Hands down, the most boring activity I engage in is my creative process. Which is funny, because it's also the thing I do the most. I spend the first few hours of the morning working, since it's the only time that my Brooklyn neighborhood is quiet. Then I generally work for a while in the evening before bed, and my weekends are pretty much dedicated to studio time. That's a lot of time to be bored out of my mind. Which is exactly the point: getting out of my mind.

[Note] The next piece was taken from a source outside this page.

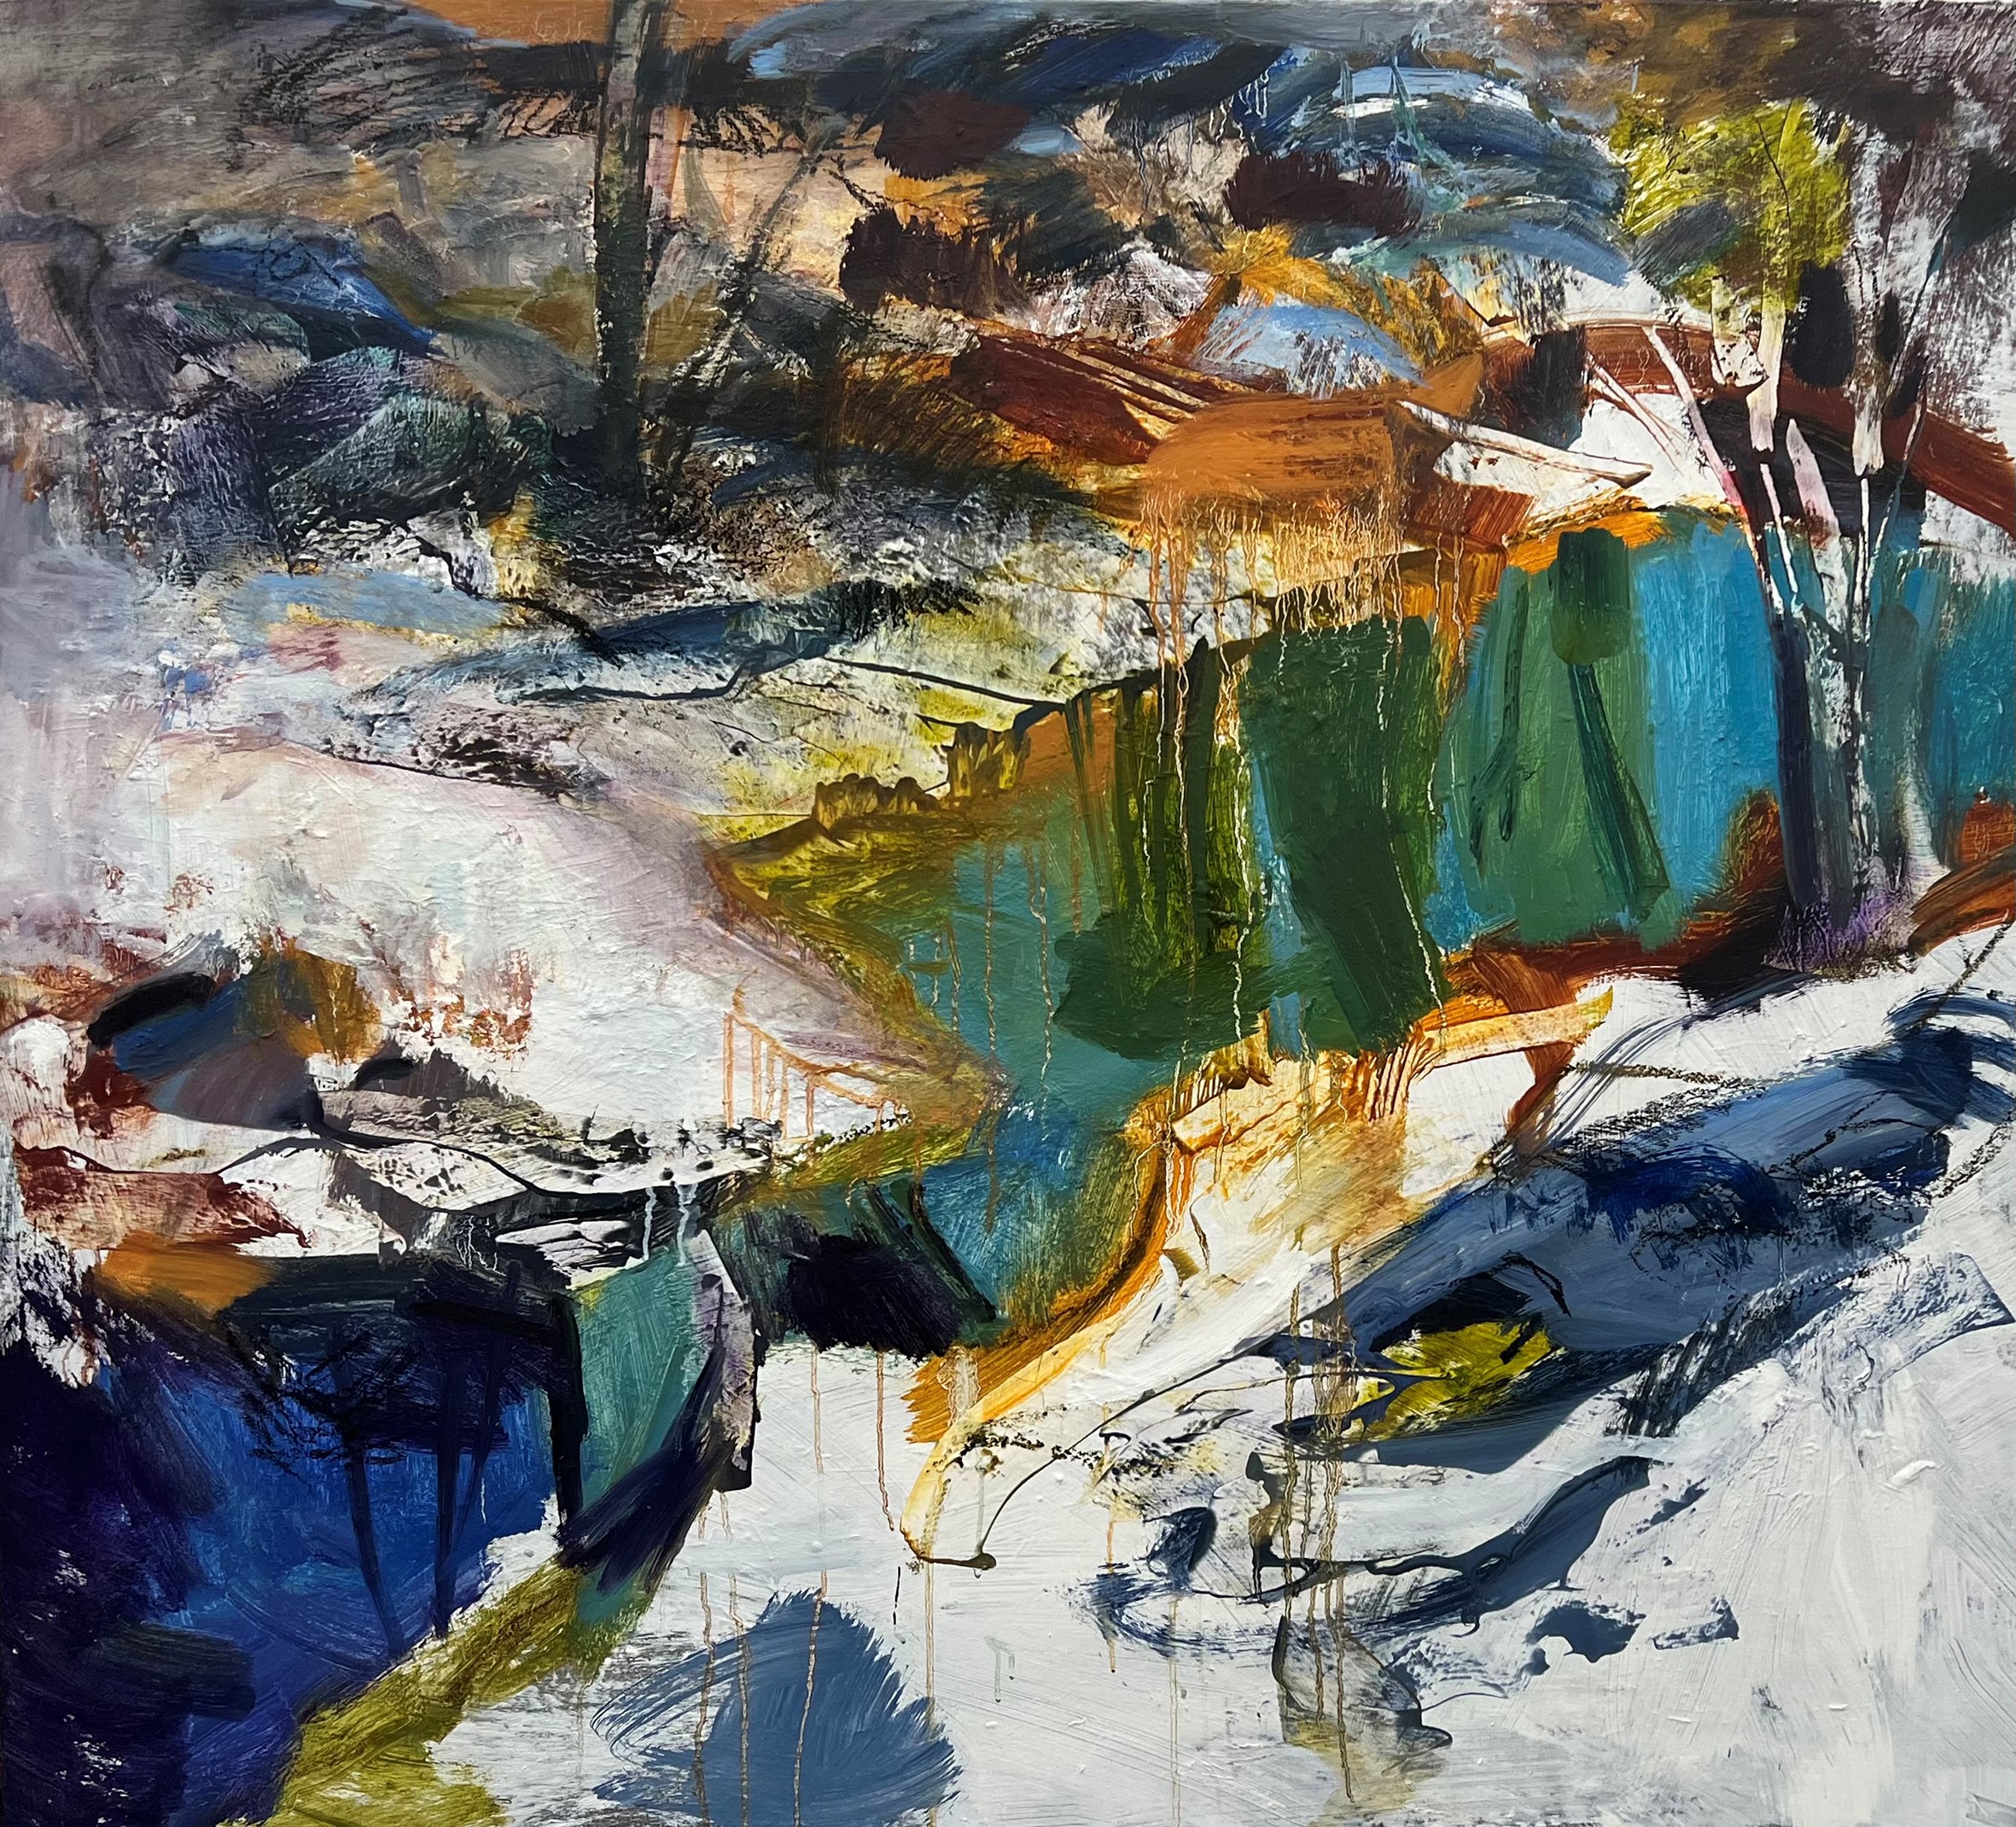 Kerry McInnis 'Snow Creek' oil on canvas 92 x 102cm $9,000

I used to be a painter, but I stopped, for reasons explained elsewhere. Paint is an incredibly sensuous medium, and there's rarely a dull moment in the process. But my new medium - cutting up sacred texts - is anything but sensual. Off-the-charts, mind-numbing boredom. I think I know why monks wear hair shirts - it's to break up the monotony. At least the pain gives them something to think about. Since the cutting & pasting process is too boring to engage me, my mind launches off into the night sky in search of distant galaxies. It searches high & low for some kind of cerebral delight, while I, back on Planet Madge, plod on with my x-acto blade, hacking away at my texts as if my life depended on it. It may. So I just watch my mind, where it goes, how it circles & swoops, like a hawk looking for a morsel to scoop up, or a vulture looking for carrion to pick at. There's never a shortage of either.
So my job is to work through the boredom. To get on the other side of it. I get to wade through all the usual mind conversations: What am I going to have for dinner? You already had dinner. What am I going to do on Saturday night? Oh wait....this is Saturday night. How much longer do I have to go? Just under 3 hours. When is this going to get fun? In another 2 hours. And so on. All the time cutting, gluing, cutting, gluing.

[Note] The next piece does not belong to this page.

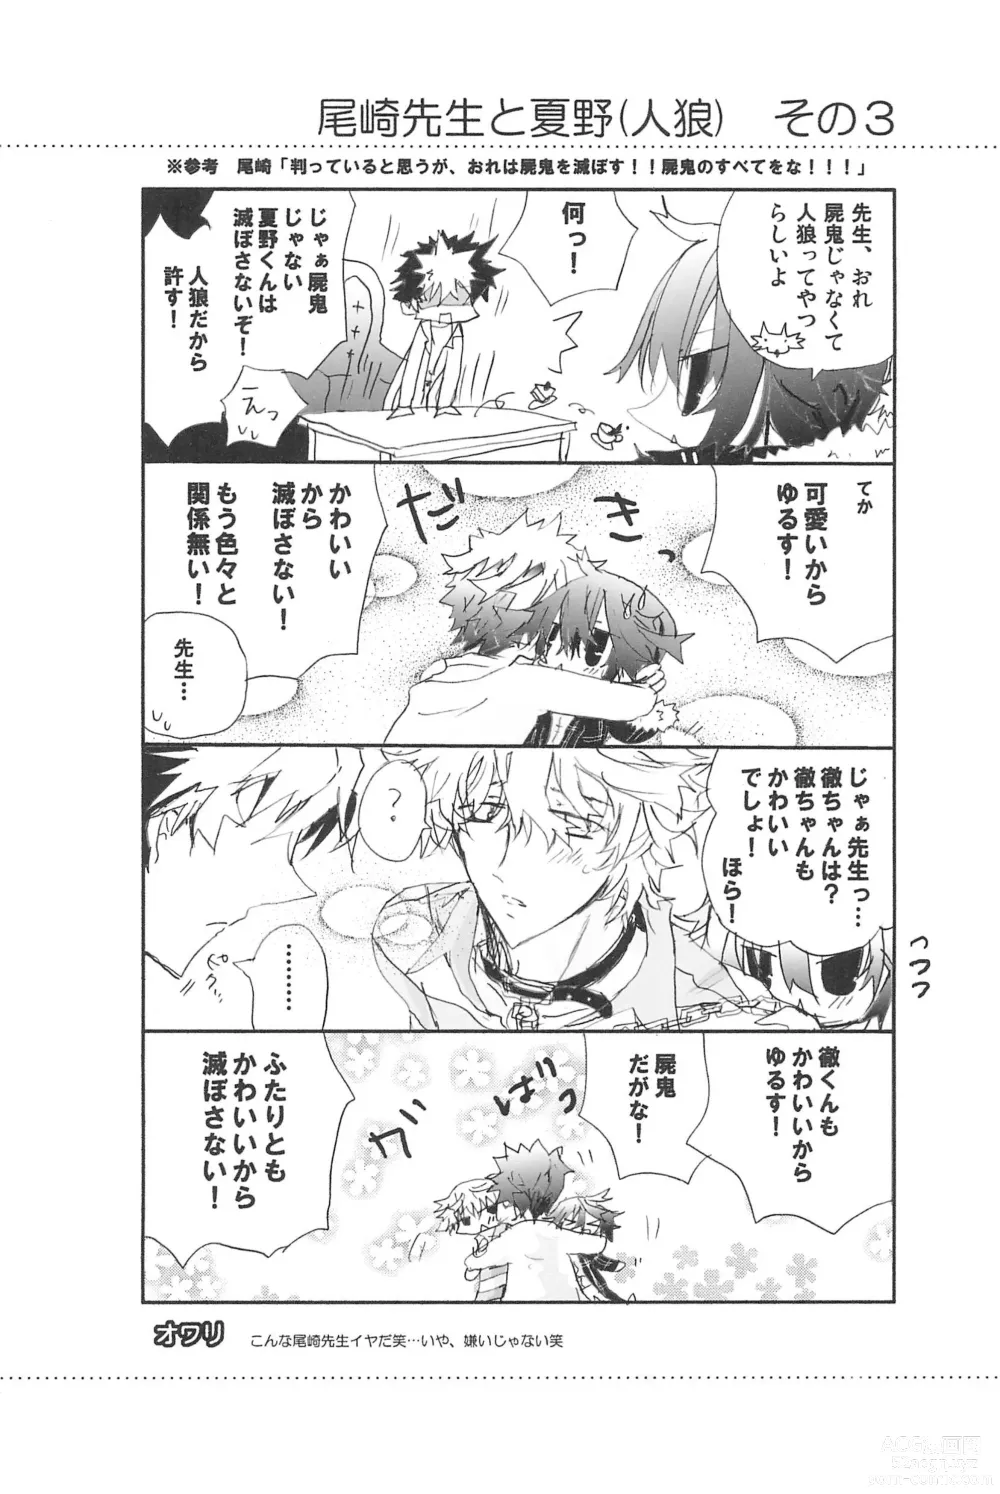 Page 20 of doujinshi Shiki-hon 10

And you know what? Something happens. My mind gets tired. It comes back to rest & refuel, and then starts to watch what I'm doing. It begins to engage. It generally takes a couple of hours for this to happen. It becomes fascinated with the process of cut, glue, cut, glue. The repetition, the chant-like monotony, the beauty of pure form, and the action that it takes to create the form; my mind actually becomes an observer, and I am the observed. Completely absorbed into the creative process, my mind finally shuts up, shuts down, and I am free.
Pure, undiluted bliss.
Above: Hymn to Vishnu (detail). The letters were cut from the Methodist Hymnal.